Nonsteroidal Anti-inflanimatory Drug Use for Postoperative Dental Pain: RESEARCH-BASED

In: Dental treatment

8 Oct 2009


A recent review paper by Swift states that NSAIDs (Ponstel canadian is a Nonsteroidal Anti-Inflammatory drug) are effective analgesics for postsurgical dental pain and that the adverse effects associated with NSAIDs are rarely seen when used for this purpose. Gastrointestinal toxicity, bleeding, renal toxicity, and potential of allergic reactions were identified as possible risks for the dental pain model. However, Swift did not use an evidence-based approach. An evidence-based approach will be used in this review in order to determine the strength of the information available to prove whether the above claims about NSAIDs are supported with actual evidence.
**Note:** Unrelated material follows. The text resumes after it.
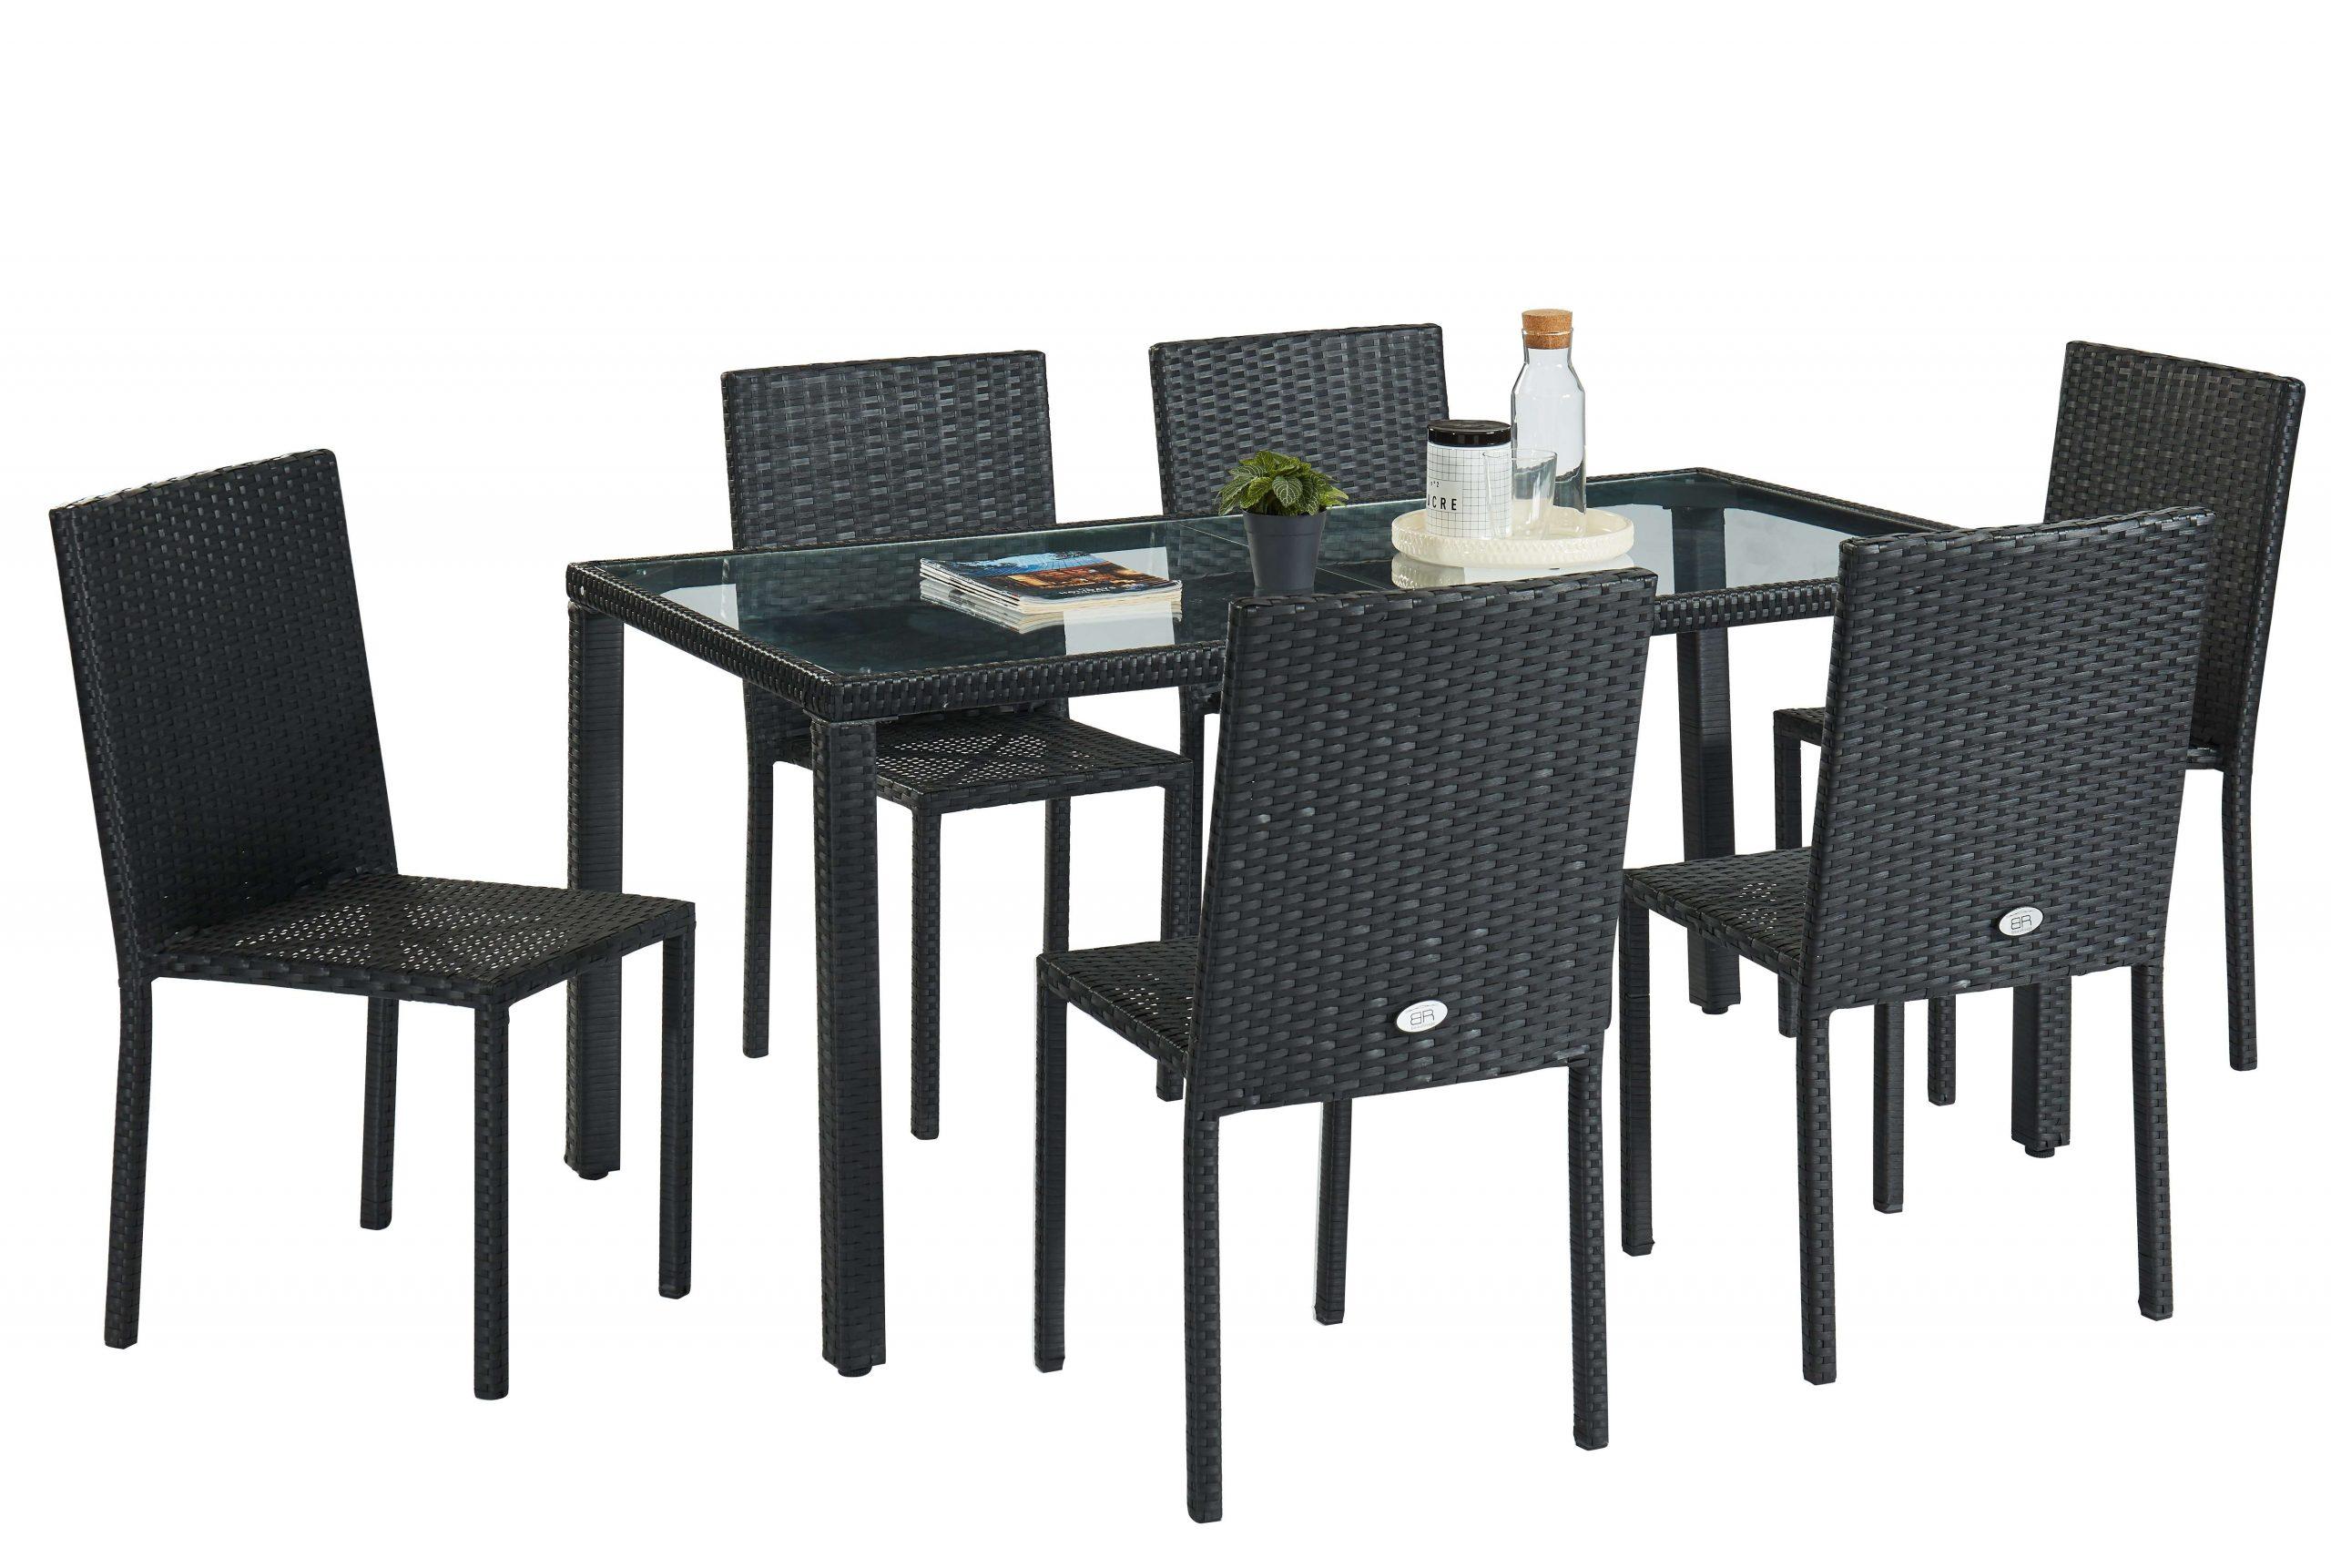 Ensemble Repas Pour Jardin En Résine Tressée Noire Pour 6 Personnes : 1  Table, 6 Chaises. à Table Jardin 6 Personnes

Table 1. Details of Randomized Controlled Trials in the Third Molar Surgical Model

Table 1. Details of Randomize

Table 1. Details of Randomize-2

Table 1. Details of Randomize-3

Table 1. Details of Randomize-4

Table 1. Details of Randomize-5

The evidence for analgesic efficacy and adverse effects of NSAIDs in the dental pain (Naprosyn canadian used to treat dental pain) model will be discussed in relation to the following: (a) choice of NSAIDs, (b) dosage of NSAIDs, (c) routes of administration ofTwenty-six third molar surgical randomized controlled trials (RCTs) with a total of 5742 analyzed patients published between 1986 and 2001 were selected. The inclusion criteria used were randomized allocation to treatment groups, which included the NSAIDs (Relafen tabletes it helps relieve pain and inflammation associated with rheumatoid arthritis and osteoarthritis) and placebo, and a standard outcome measure for pain to allow comparison of results. Analgesic efficacy and adverse effect outcomes were summarized and synthesized qualitatively in these 26 RCTs (Table 1). Of these 26 RCTs, 6 were general anesthesia (GA), 19 were local anesthesia (LA), and 1 was a conscious sedation model. These different types of studies are presented in a smaller summary table (Table 2). When scientific literature in a particular area of the dental surgical model was not available, evidence from other pain models was included when appropriate. Evidence was classified into 3 levels: RCTs (level I); case-control/epidemiologic studies (level II); and incomplete or inconsistent scientific literature (level III).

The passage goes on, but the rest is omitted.